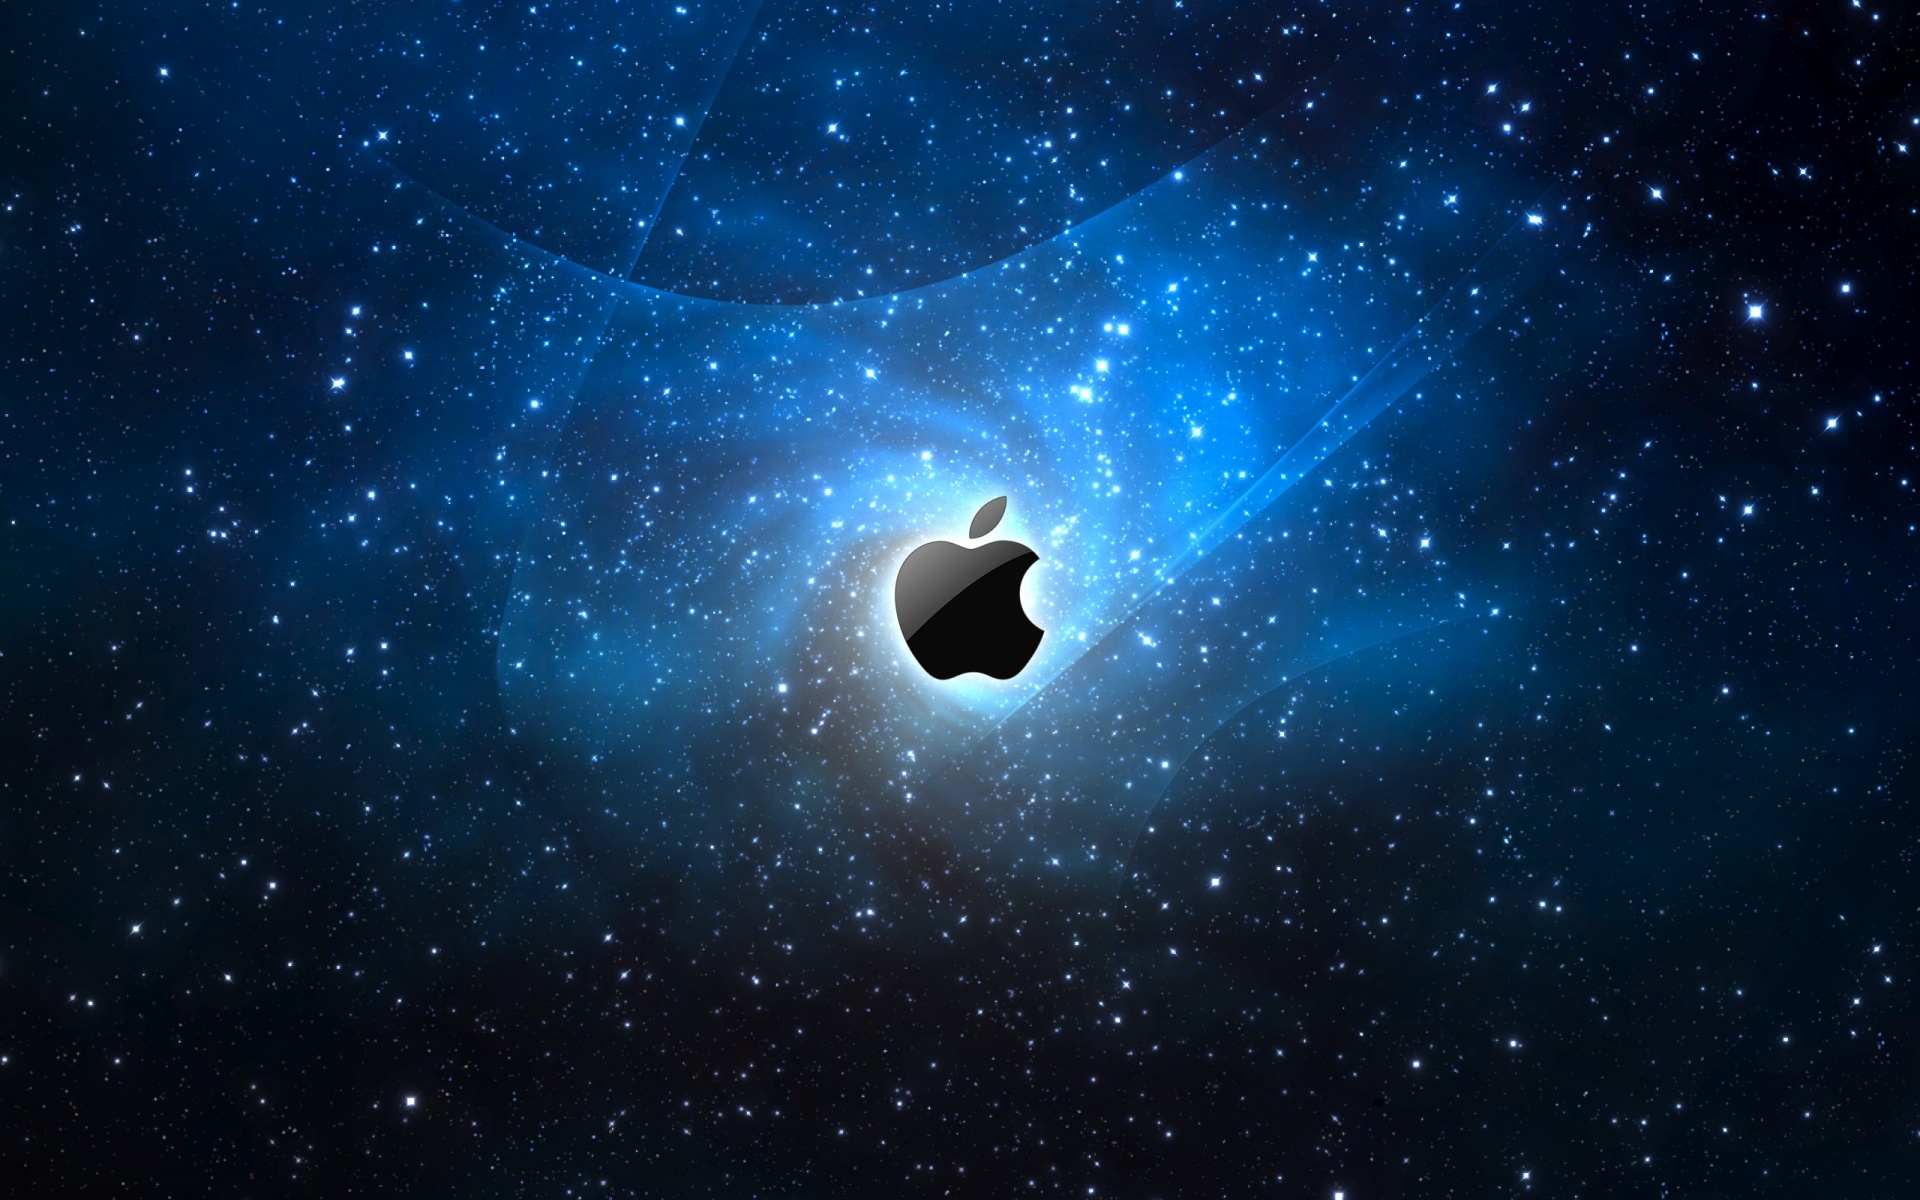 Hình nền không gian ngôi sao của Apple sẽ khiến cho màn hình của bạn trở nên đầy phong cách và sự tinh tế. Hình ảnh không gian và ngôi sao đã từ lâu trở thành một chủ đề dễ thương và đầy nghệ thuật. Hãy xem hình ảnh liên quan để khám phá tất cả các hình nền không gian ngôi sao của Apple.
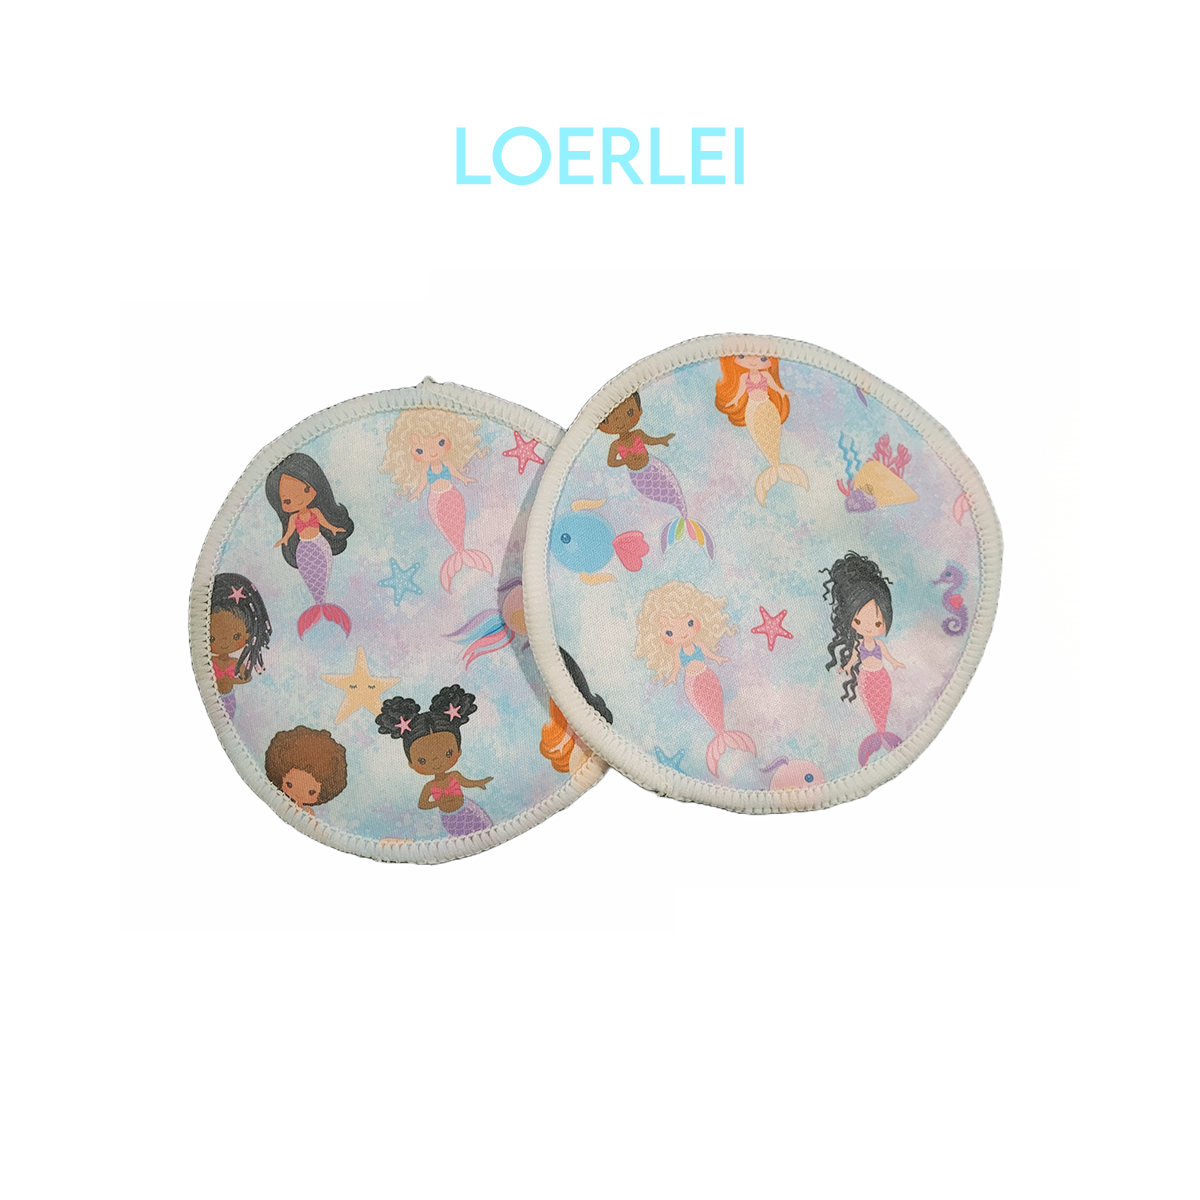 Nursing Pads set of 2 - Lorelei
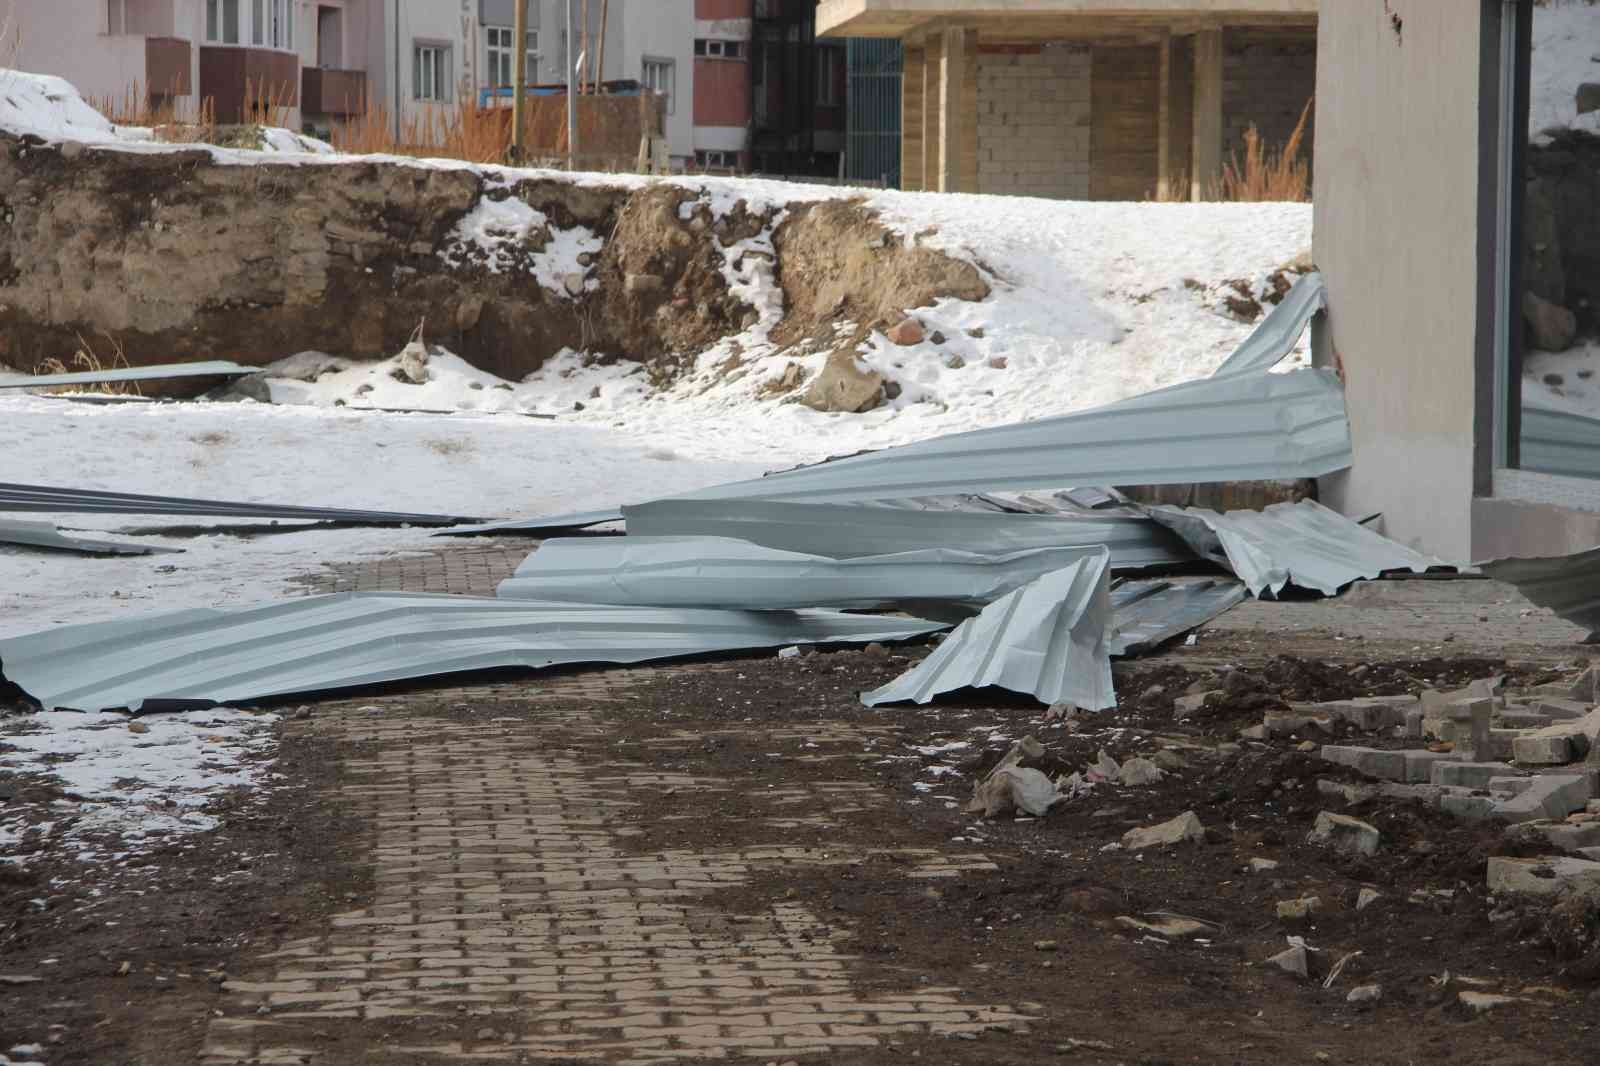 Erzurum’da şiddetli fırtına hayatı felç etti, okulların çatıları kağıt gibi uçtu #erzurum
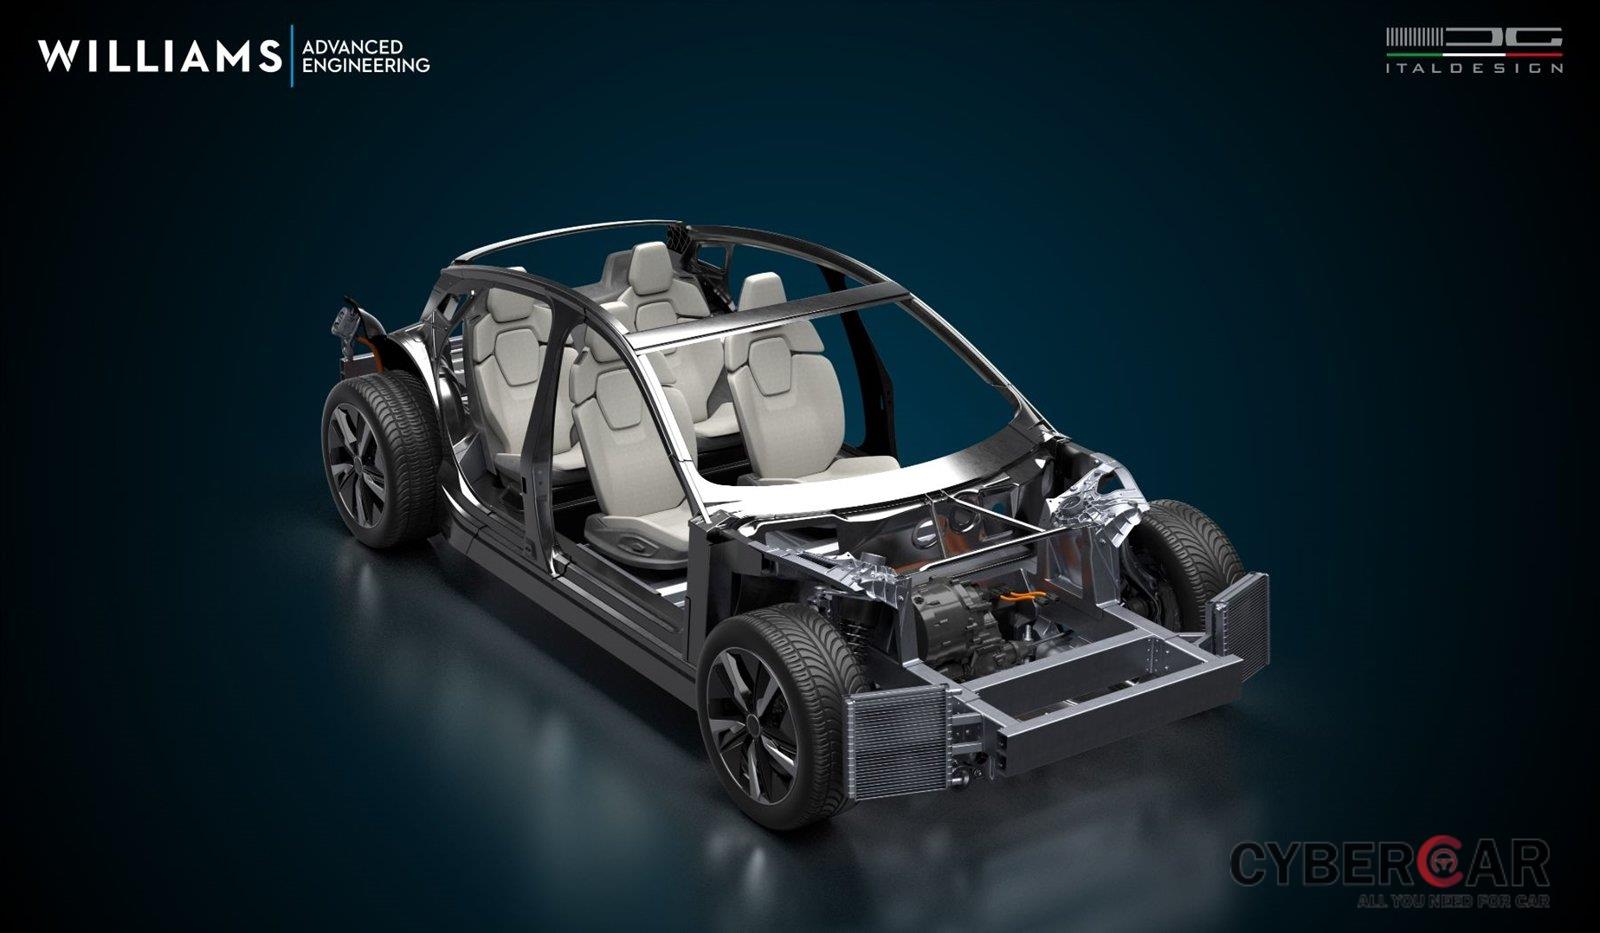 Italdesign sẽ chịu trách nhiệm thiết kế dáng xe theo yêu cầu của khách hàng
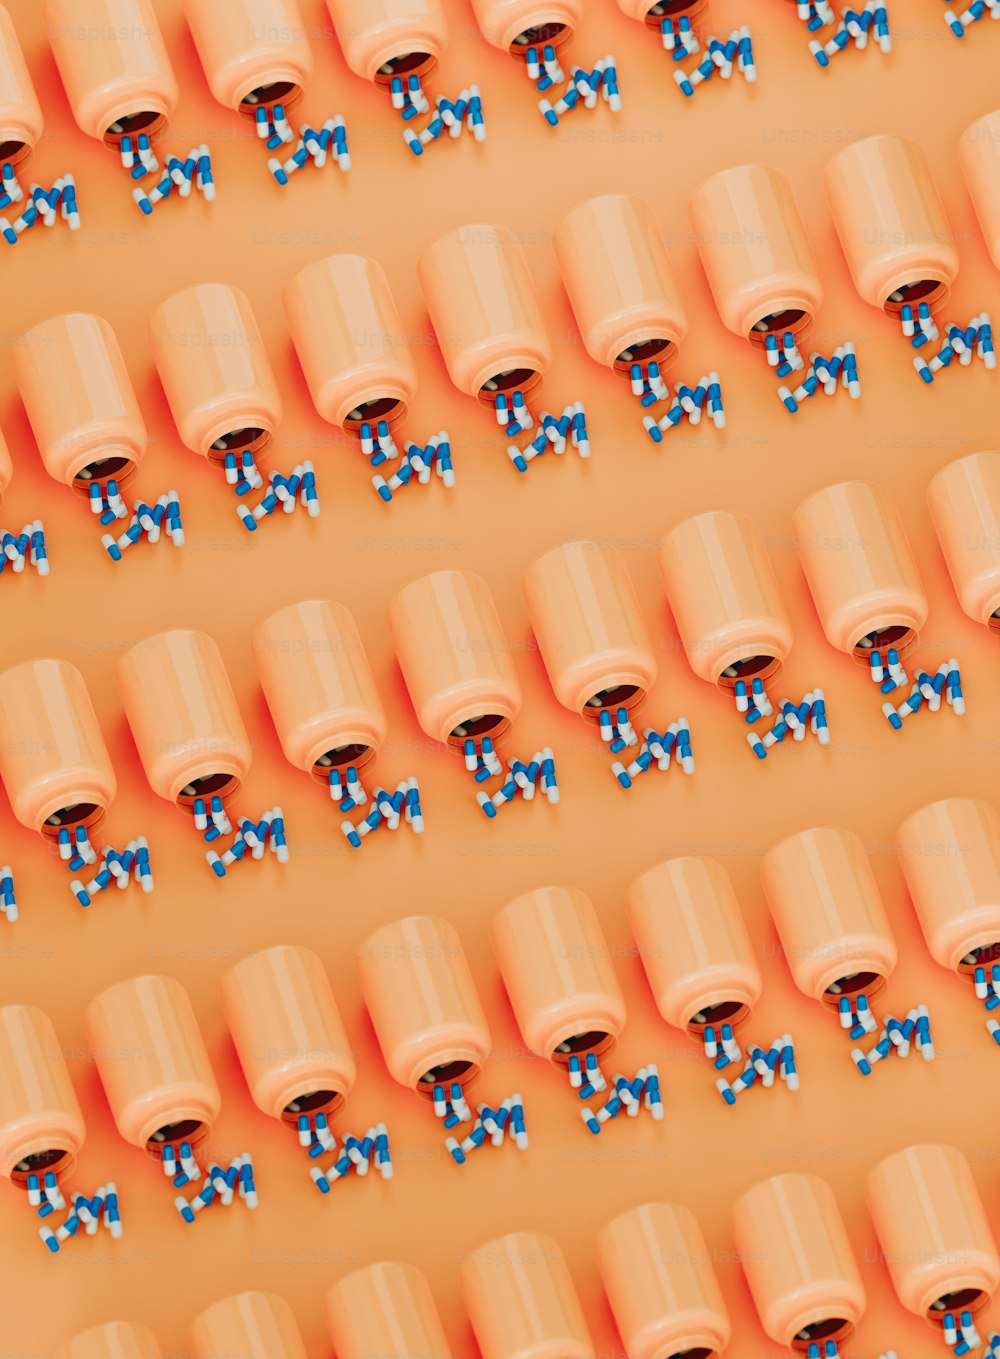 eine Gruppe orangefarbener Tassen mit blauen Schleifen darauf
※
Pictures excluded, repeat the material above from its first line through the line containing "Erzurum’da şiddetli fırtına", both included.

 Hình nền không gian ngôi sao của Apple sẽ khiến cho màn hình của bạn trở nên đầy phong cách và sự tinh tế. Hình ảnh không gian và ngôi sao đã từ lâu trở thành một chủ đề dễ thương và đầy nghệ thuật. Hãy xem hình ảnh liên quan để khám phá tất cả các hình nền không gian ngôi sao của Apple.
 Nursing Pads set of 2 - Lorelei
 Erzurum’da şiddetli fırtına hayatı felç etti, okulların çatıları kağıt gibi uçtu #erzurum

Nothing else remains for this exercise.